You write to two buffers, then after a period of inactivity they both are flushed (one after the other).
This is caused by a feature in the JVM and unless you make a hack such as the one provided by Marcus A. it's not really that easy to work around. The .flush() works in this case but the reason for this is a lot more complicated to work around.
What is happening here?
When you program in Java you're not telling the computer straight what to do, you're telling the JVM (Java Virtual Machine) what you would want it to do. And it will do that, but in a more efficient manner. Your code isn't exact detailed instructions, in that case you'd only need a compiler like in C and C++, the JVM takes your code as a specification list for what it's supposed to optimise and then do. This is what's happening here. Java sees that you're pushing strings into two different buffer streams. The most efficient way of doing this is by buffering all the strings you want the streams to output and then output it. This happen one stream at the time, essentially transforming your code do something like this (beware: pseudo code):
for(int i = 0; i < 5; i++) { out.add(); err.add();}out.flush();err.flush();Because this is more efficient, this is what the JVM will do instead. Adding the .flush() in the loop will signal to the JVM that a flush needs to be done in each loop, which can't be improved with the above method. But if you for the sake of explaining how this works would have left out the loop, the JVM will reorder your code to have the printing done last, because this is more efficient.

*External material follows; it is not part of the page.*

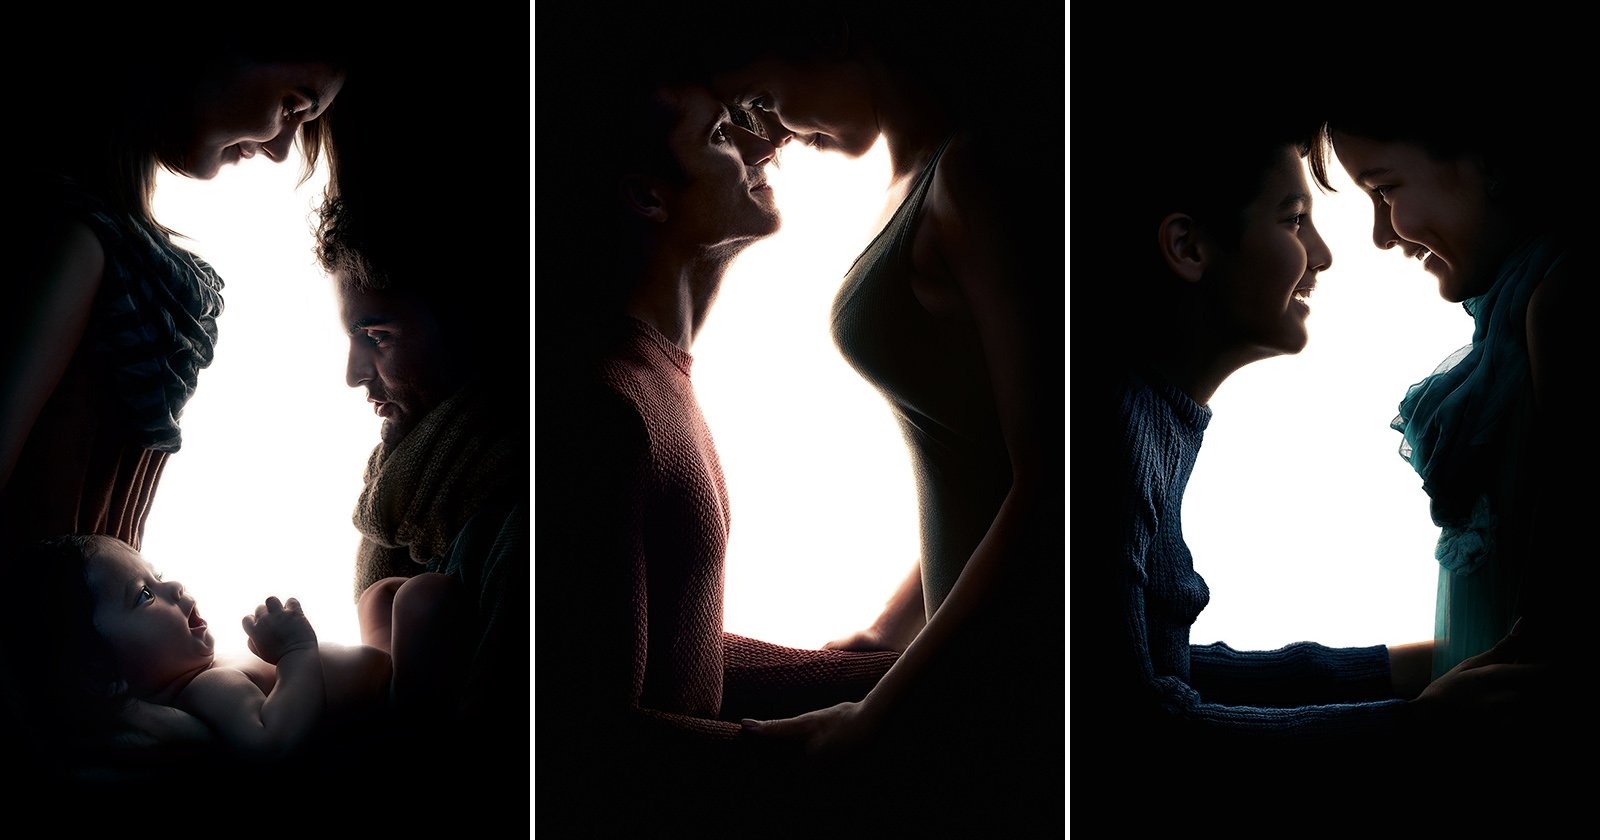 These Creative Photos Use Optical Illusions to Promote Pet Adoption

System.out.println("out");System.out.flush();System.err.println("err");System.err.flush();System.out.println("out");System.out.flush();System.err.println("err");System.err.flush();This code will always be re-organized to something like this:
System.out.println("out");*System.err.println("err");*System.out.println("out");*System.err.println("err");*System.out.flush();System.err.flush();Because buffering many buffers only to flush them right after takes a lot more time than to buffer all the code to be buffered and then flush it all at the same time.
How to solve it
This is where code-design and architecture might come into play; you kinda don't solve this. To work around this, you have to make it more efficient to buffer print/flush, buffer print/flush than buffer all then flush. This will most likely be luring you into bad design. If it is important to you how to output it orderly, I suggest you try a different approach. For-looping with .flush() is one way to hack it, but you're still hacking the JVM's feature to re-arrange and optimize your code for you.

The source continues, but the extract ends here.